Newly made for the Longside Gallery is Karla Black’s Persuader Face, a vast lunar plane of plaster powder, fallen in shallow drifts that trace the cracks in the concrete floor. A barren landscape occasionally broken by half-recognisable features fashioned from transmuted, familiar objects. Craters are formed around the patterned reservoirs of make up compacts, bath bombs lie intact, their routes across the landscape traced in the loose plaster, or exploded, a pastel debris scattered on the surface.

In the excellent (and free) accompanying booklet co-curator Katrina Brown describes Black as being, in some respects, the most truly abstract of the three artists, but that her work gives ‘an inescapable sense of the body’. The cosmetics and grooming products often used by Black in her sculptures are at once very intimate and suggestive of the body, whilst also being products designed to mask bodily odours or to improve appearances. Persuader Face contains traces of the artist’s own body, through the evidence of the performance that produced the smashed and rolled bath bombs, or the line drawn in the powder by a finger describing the edge of the work.

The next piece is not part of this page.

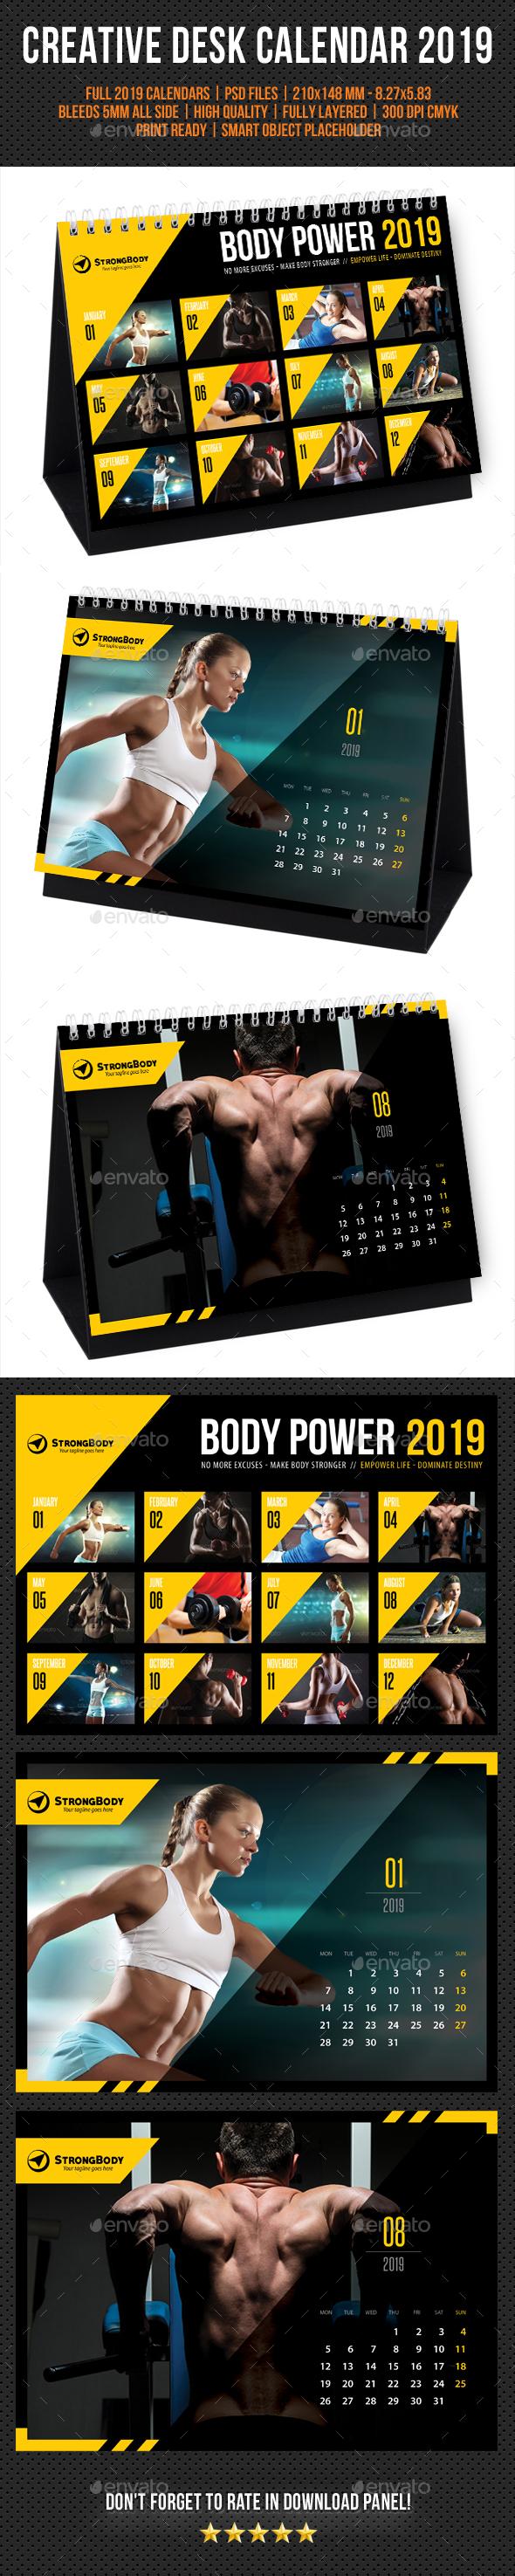 Creative Desk Calendar 2019 V30 - Calendars Stationery

Becky Beasley’s works also make an explicit reference to the body, or to two specific bodies, with several works’ dimensions dictated by her parent’s heights and other anthropometric data. This specific reference seems to take on a melancholic air with Shelves for My Parents (A Shelf for My Mother, A Shelf for My Father) looking like an empty catacomb made from flat-pack furniture; ledges awaiting the bodies that will fit them. The hinges and lengths of walnut that make the wall-based sculpture Brocken follow the joints and arm span of Beasley’s father. The first of this series is a full arm span, a measurement known to correspond to the length of one’s own grave.

Beasley’s sculptures often seem physically more hard-edged and less instinctual than those of Black or Barclay; comprising of perfectly finished shelves and black Perspex rather than the sifted powder and screwed-up sugar paper or draped fabrics and crumpled foil found in Black and Barclay’s works. But Beasley’s vocabulary and scale is based on everyday domestic objects, albeit twisted and morphed into something uncanny. There is something a little upsetting in the almost-but-not-the-same dimensions of the two boxes that form Trough Box, their reflective black bottoms somehow adding to the confusion. And the photograph Gloss II really is an image of the sculpture Nightmusic just rotated ninety-degrees, but its difficult to be certain, you can’t quite see them together so you find yourself involuntarily comparing and re-examining each.

Structure and Material feels in some senses a determinedly unmonumental counterpoint to the heads and Henry Moore’s to be found in the Park grounds. Of course these sculptures are more vulnerable and idiomatic, both materially and in terms of scale, and yet the existing works and the occasional new, or specific work, respond not only to the physical space of the Gallery, but reflect on the artworks beyond its walls. The familiar notions that reoccur throughout the exhibition, the landscape, the body, mortality, internal and external spaces, are all concerns that, whilst expressed very differently, nonetheless preoccupied Moore’s work and that still very evidently present rich seams today.